Какова все-таки истинная картина смерти Десяткова? Сомнений быть не могло: Проханов задумал любыми средствами убрать с дороги Десяткова.

Но со смертью Десяткова опасность разоблачения настоятеля не исчезала: оставалась Марфа Петровна, которая знала не меньше, а, пожалуй, побольше своего мужа, в чем он сам лично убедился.

Все это выглядело странно..

Такого же мнения придерживался и Соловейкин. Он пристальное внимание направил теперь на Маргариту. При первой встрече она заявила Соловейкину, что Десятков — больной человек и умер естественной смертью. А теперь она уходила от ответа, мялась и вообще не желала говорить на эту тему.

Но уж одно это отпирательство говорило о многом. Маргарита что-то скрывает.

— А где она живет? — спросил Лузнин у Соловейкина.

— В том же доме, что и Десятков…

— Как это?

— В другом конце дома. Через стену от Десятковых.

— Та-ак… Любопытно. Значит и с Делиговым они соседи?

— Конечно. Только забор отделяет.

— А ты помнишь, как выглядит комната Десятковых? — спросил Лузнин.

— Помню. Обстановка, прямо сказать, более чем скромная. Стол, покрытый дешевенькой скатертью, старый шкаф, две железные кровати…

— А почему так?

— Так его же грабил Проханов.
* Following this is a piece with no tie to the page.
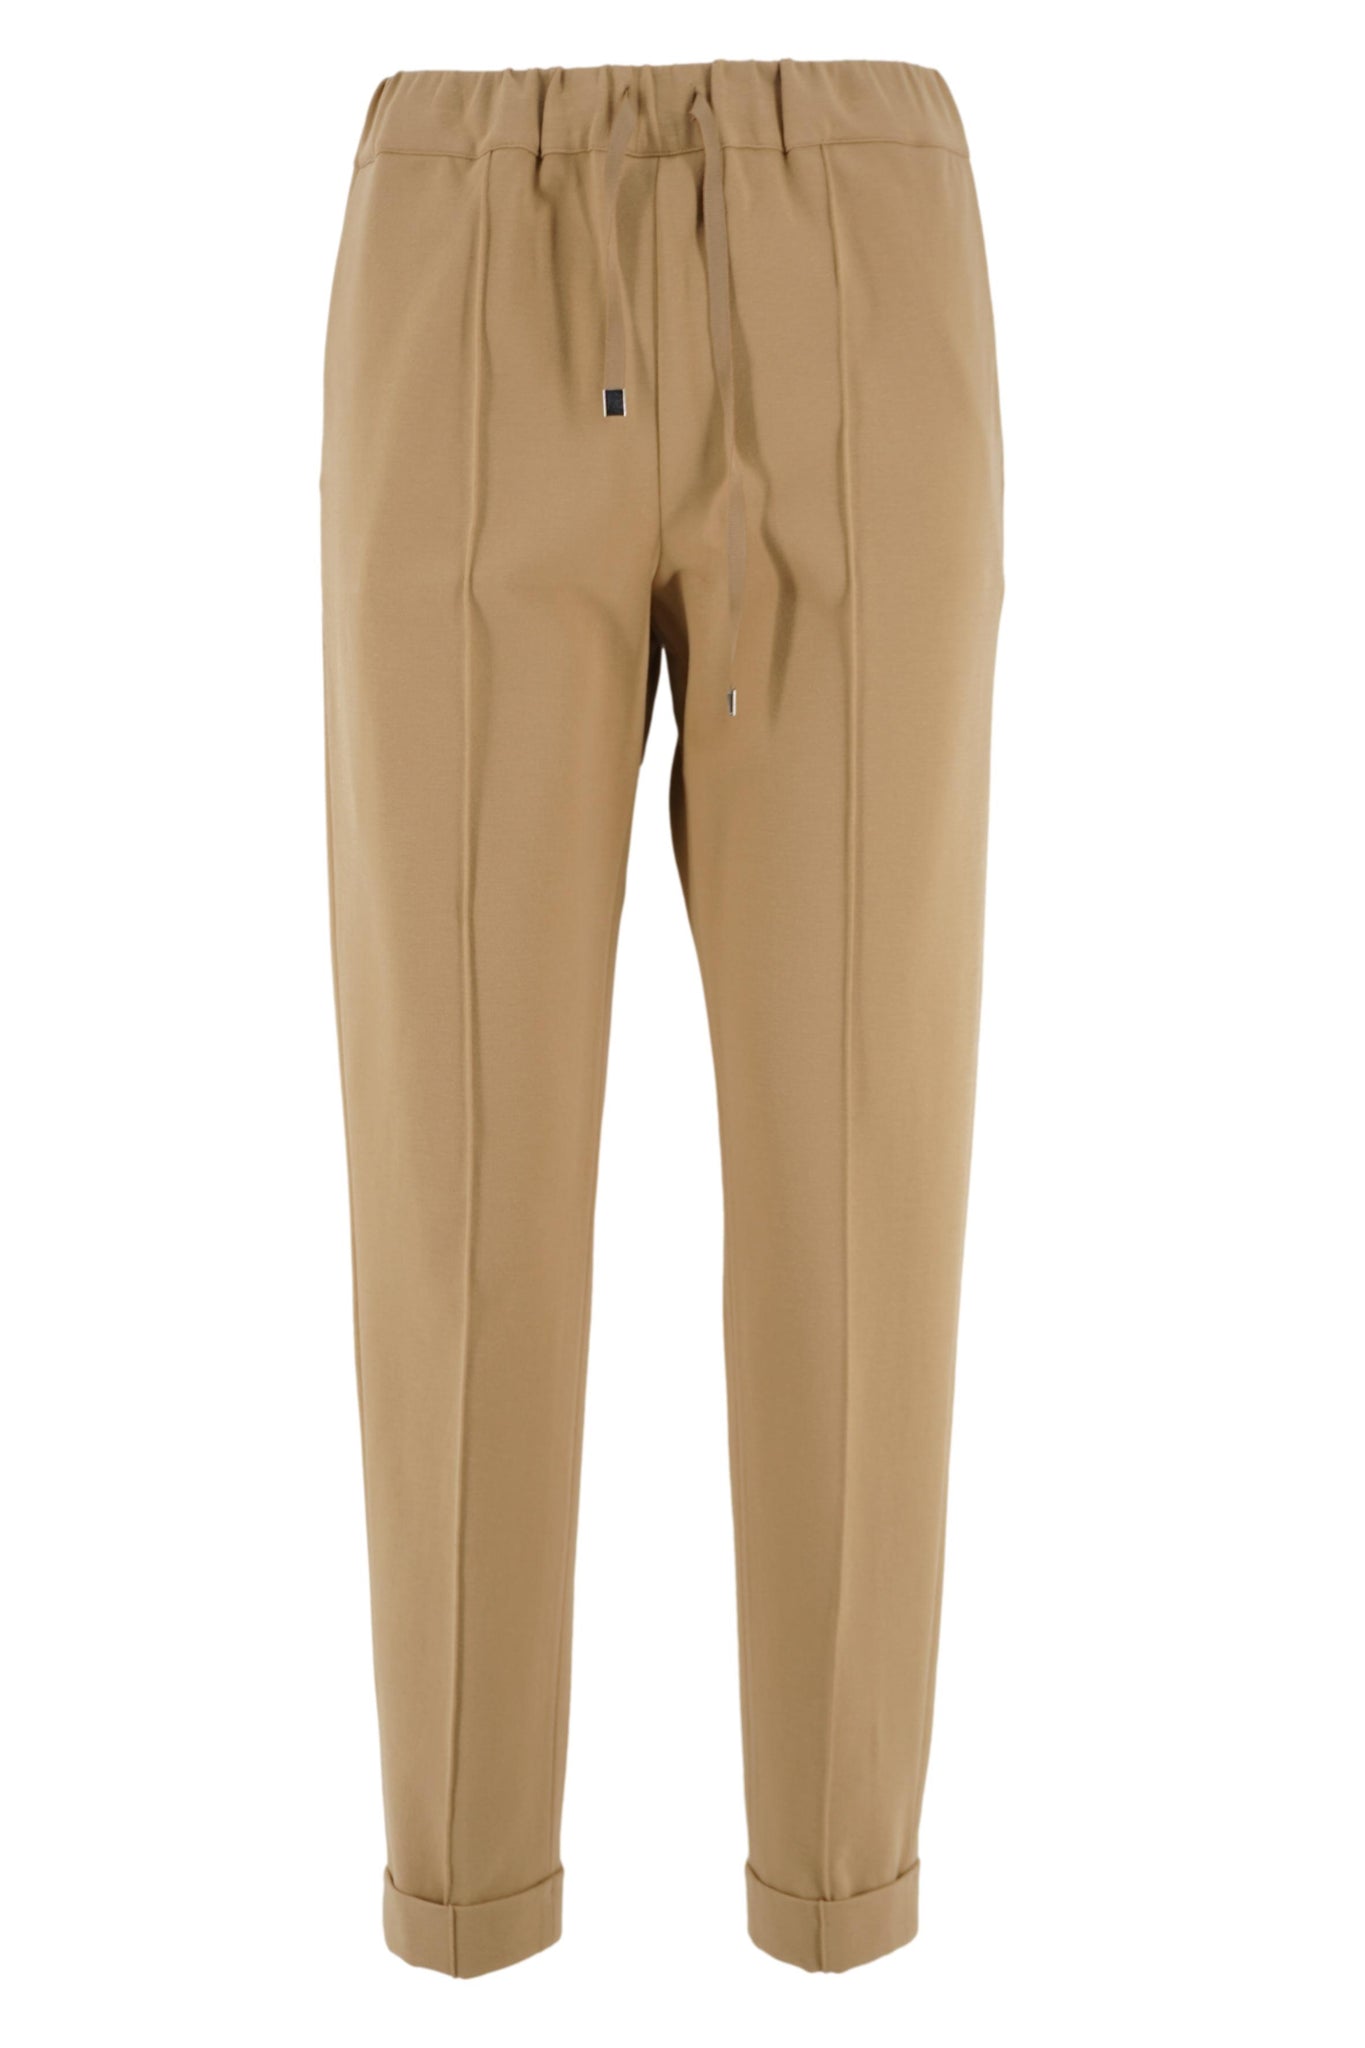 Pantalone con Coulisse in Vita / Beige - Ideal Moda

Десяткову доставались рожки да ножки. Ведь Марфа Петровна так и сказала: «Под себя грабастал, супостат». Я — к ней: о ком говорите, мол, а она молчит и дрожит вся. А потом как заплачет: «Затравили! Затравили!»

— Да, пожалуй, это последний этап, — сказал Лузнин. Вот что, Виктор. Я иду к Делигову

— А чем мне прикажете заняться?

— Оформляй показания.

Лузнин вышел.

Вечер опять выдался тихим, теплым, ласковым. Из репродуктора в городском саду раздавался деловитый голос диктора.

Лузнин направился к дому Делигова.

Припомнились короткие сведения об этом человеке. Преступление свое во время войны он смыл кровью: был ранен в партизанском отряде, где находился до самого освобождения района советскими войсками. Потом воевал в регулярных частях. Снова получил ранение и демобилизовался.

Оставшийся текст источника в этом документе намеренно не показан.